# Work request:
From the material below, retype exactly the lines that begin at the line with "Kaya's bedroom is" and end after the line with "Xbox-serie met Fallout-thema"; pictures stay out of the copy.

# Study material:
*** Begin section ***

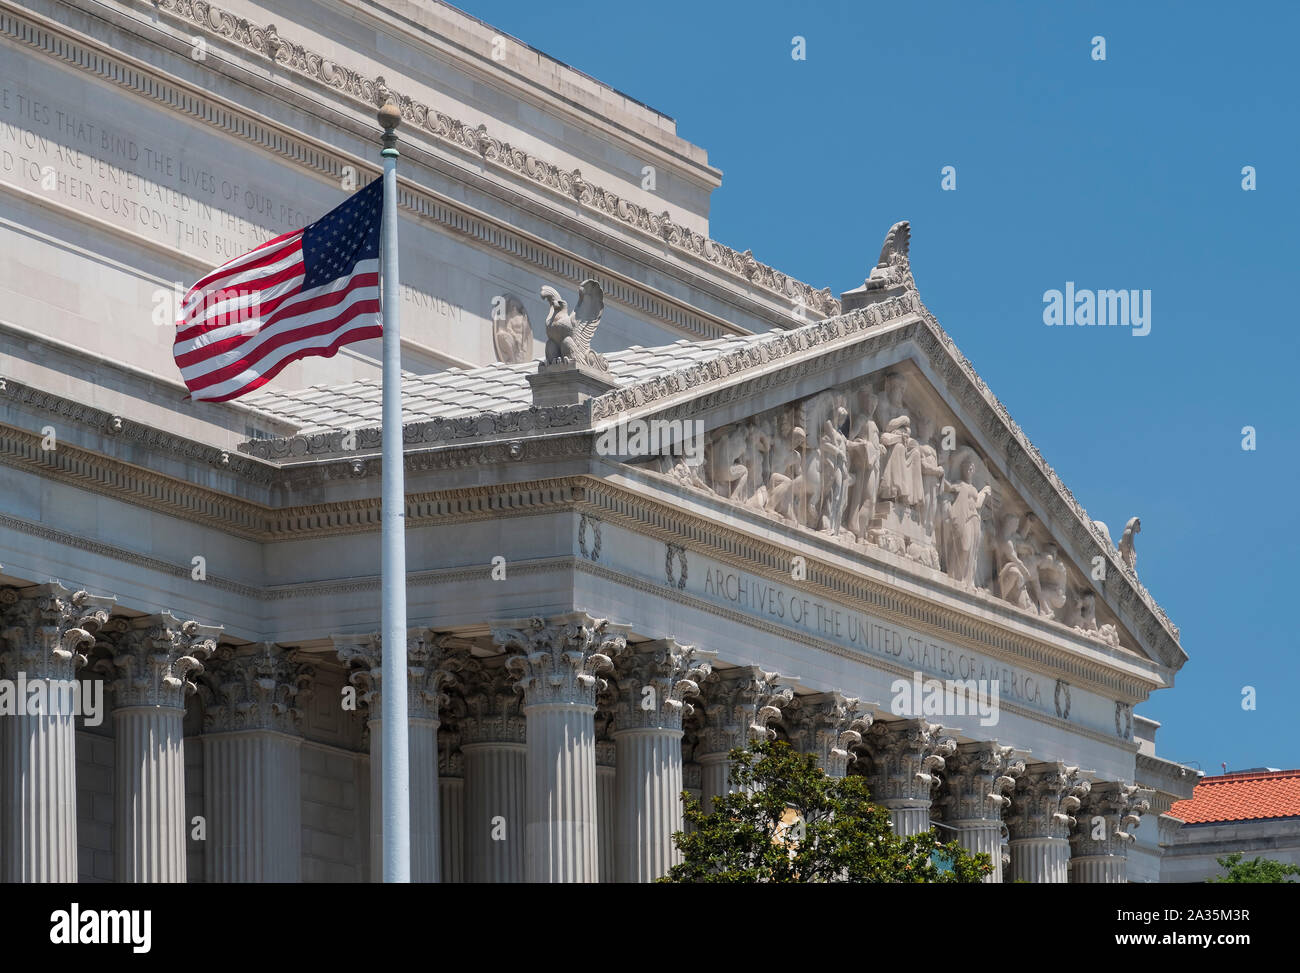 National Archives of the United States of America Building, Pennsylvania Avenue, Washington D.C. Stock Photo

*** End section ***
*** Begin section ***

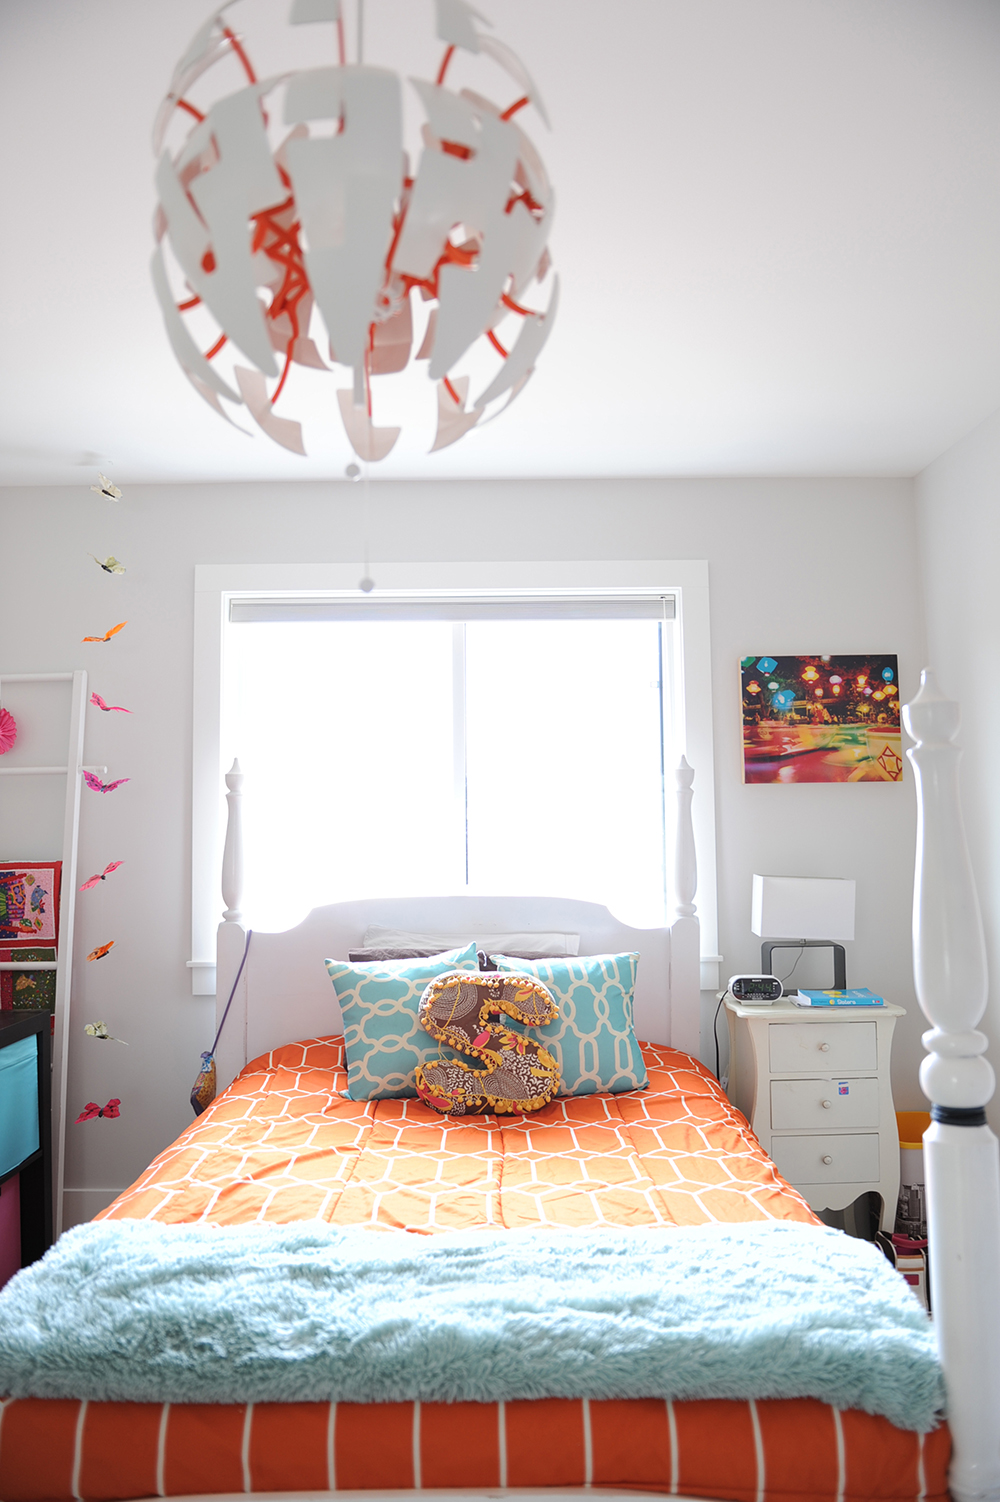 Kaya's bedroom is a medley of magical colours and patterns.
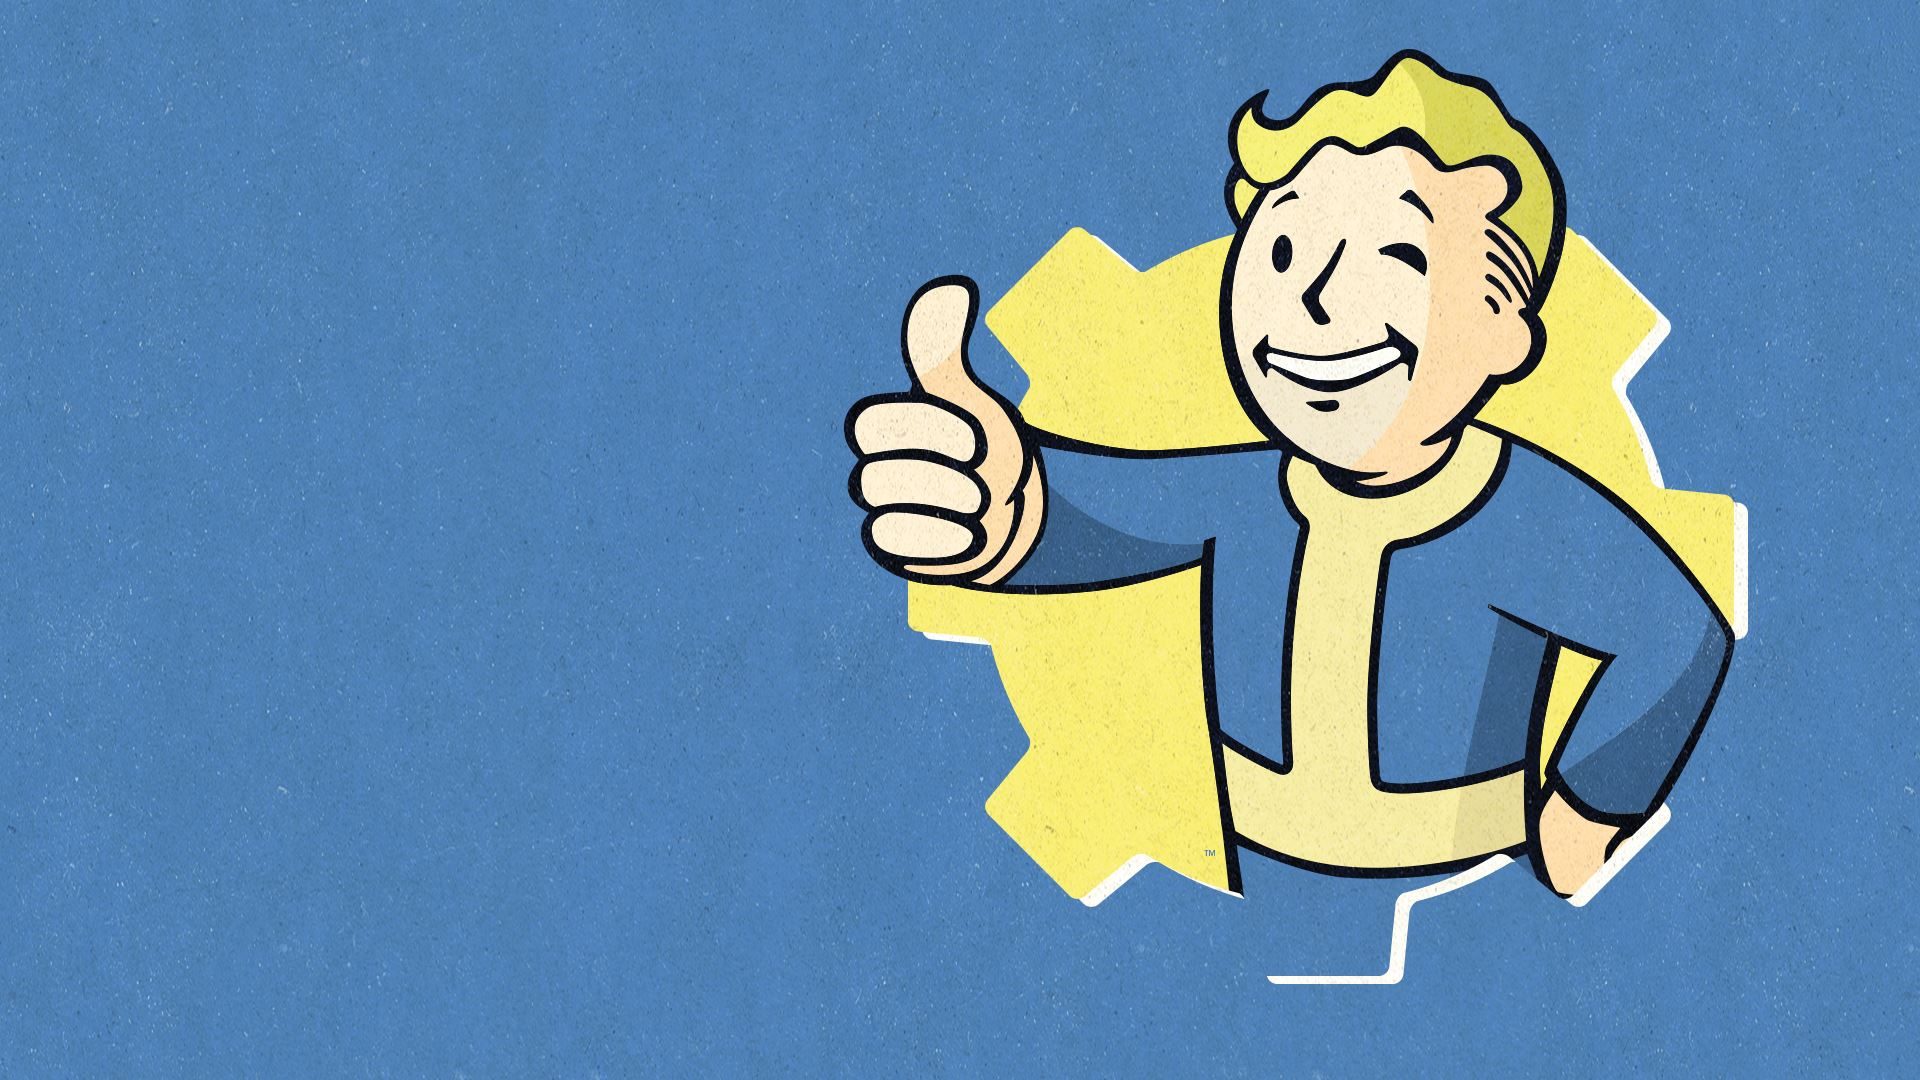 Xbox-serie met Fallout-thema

*** End section ***

# Written response:
 Kaya's bedroom is a medley of magical colours and patterns.
 Xbox-serie met Fallout-thema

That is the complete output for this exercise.